We’ve come up with a very different meaning for this word over the years, and I don’t know about you, but the flawlessness thing? I just can’t make that work. But mature? Even whole? I might not have arrived yet, but I can see the progress I make year on year as I keep on becoming mature. And that leaves me with a sense of hope and possibility and agency – the ability to think that I can make changes in my life!

So my question to you is this – what would it mean if perfection didn’t mean flawless? And what would this change?

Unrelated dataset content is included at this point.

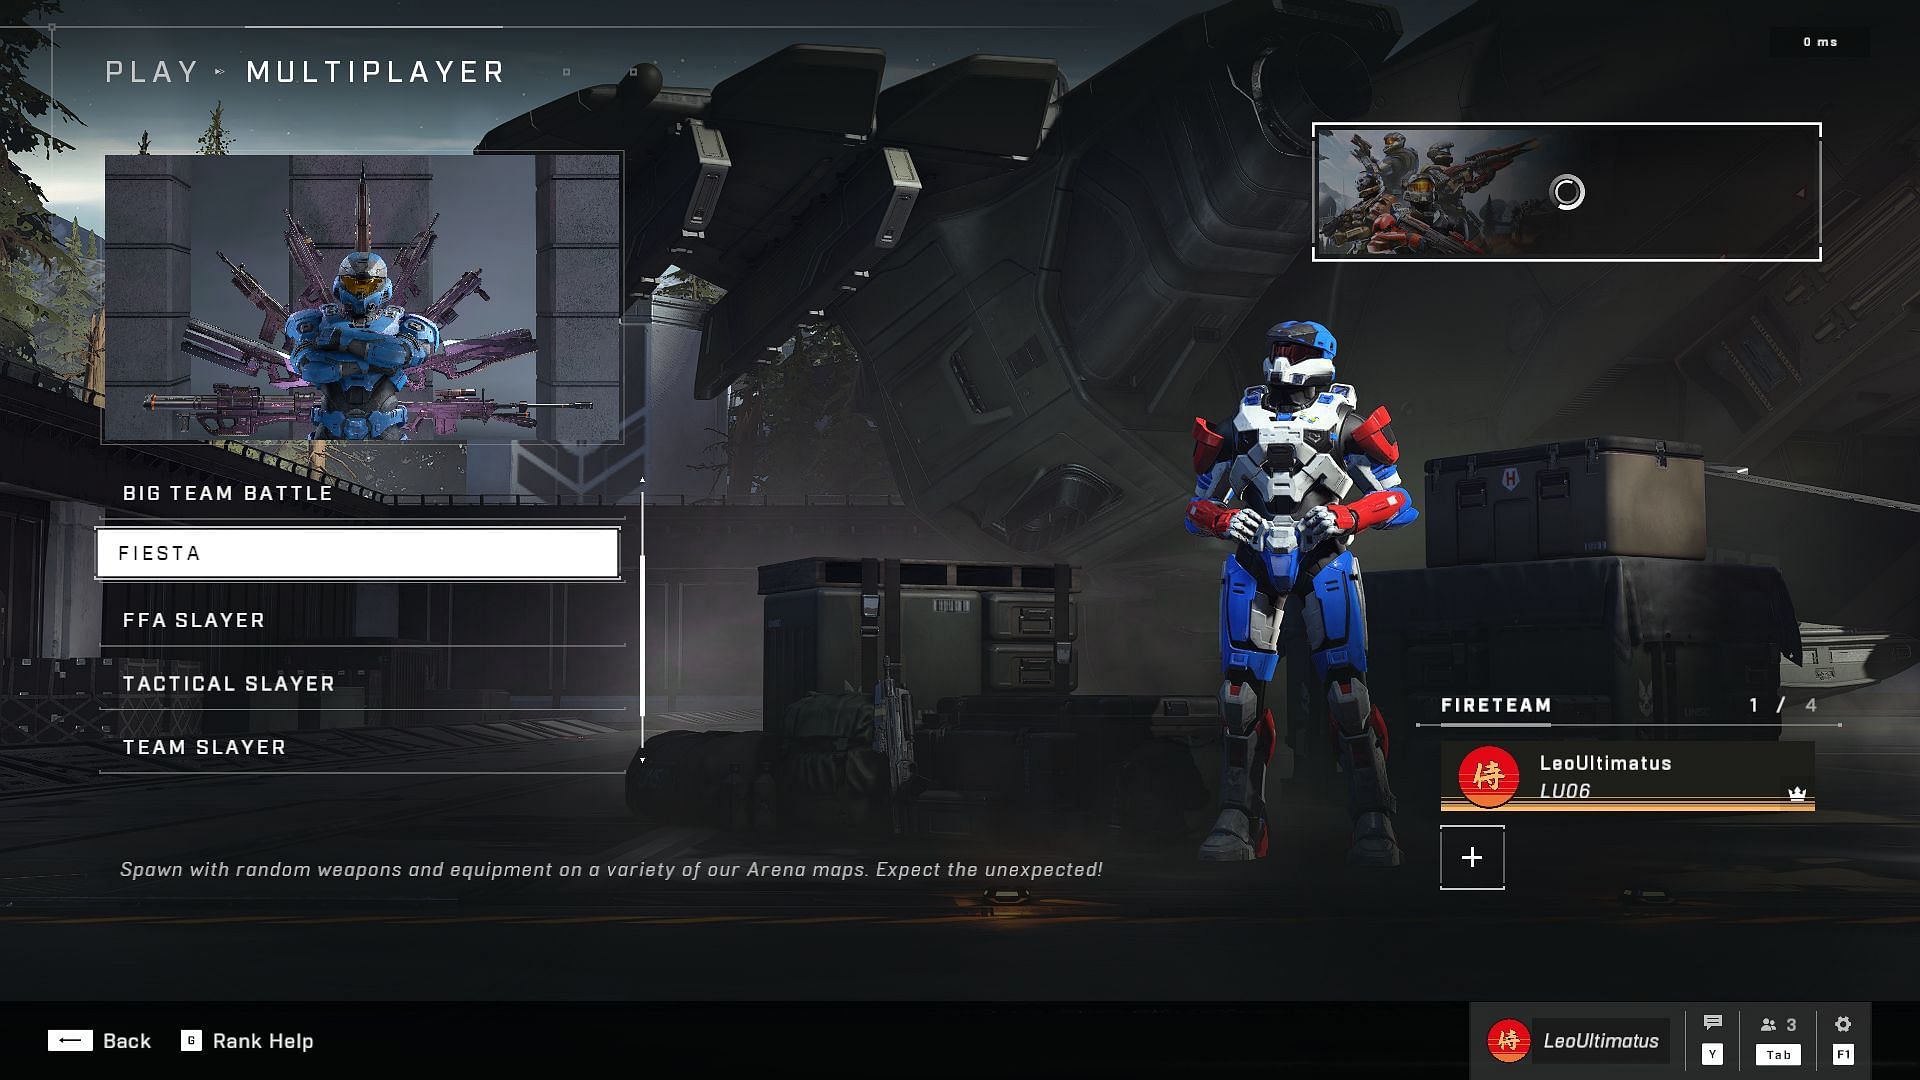 Players can choose the different playlists (image via Halo Infinite)

#perfection #perfect #personalcoach #lifecoaching #lifecoach

2 thoughts on ““Perfection”

  1. I really like this perspective on “perfection” and I think I will try to keep it in mind from now on. As women, I believe we are more culturally beholden to strive toward other’s expectations of “perfection,” but it is just such an impossible task. As much as we may be aware of that, we often still try to uphold the perception of perfection. I am so grateful to the shifts in culture over the past few years;; the normalization of and appreciation for all body types. Unfortunately, I am very aware that women’s bodies and perceptions of beauty are faddish. What is beautiful today may change tomorrow. Though the trend towards health and wellness has been going strong since early 2000, I worry for the future. Politics and international relations have been taking an isolationist and conservative tilt. I worry what the impact of close-minded leaders will be.


    1. Your connection between perfection of body and isolation in politics makes me think of a conversation I had last night with someone about the desire for perfection of ideas or values and the way this desire only ever seems to historically lead to splintering in relationships and brittleness of ideas. It is interesting to think of our understanding of perfection – not maturity but complete removal of anything less than flawlessness – as being an underlying cause for the political polarization we’re dealing with right now.

      Thank you for making me think!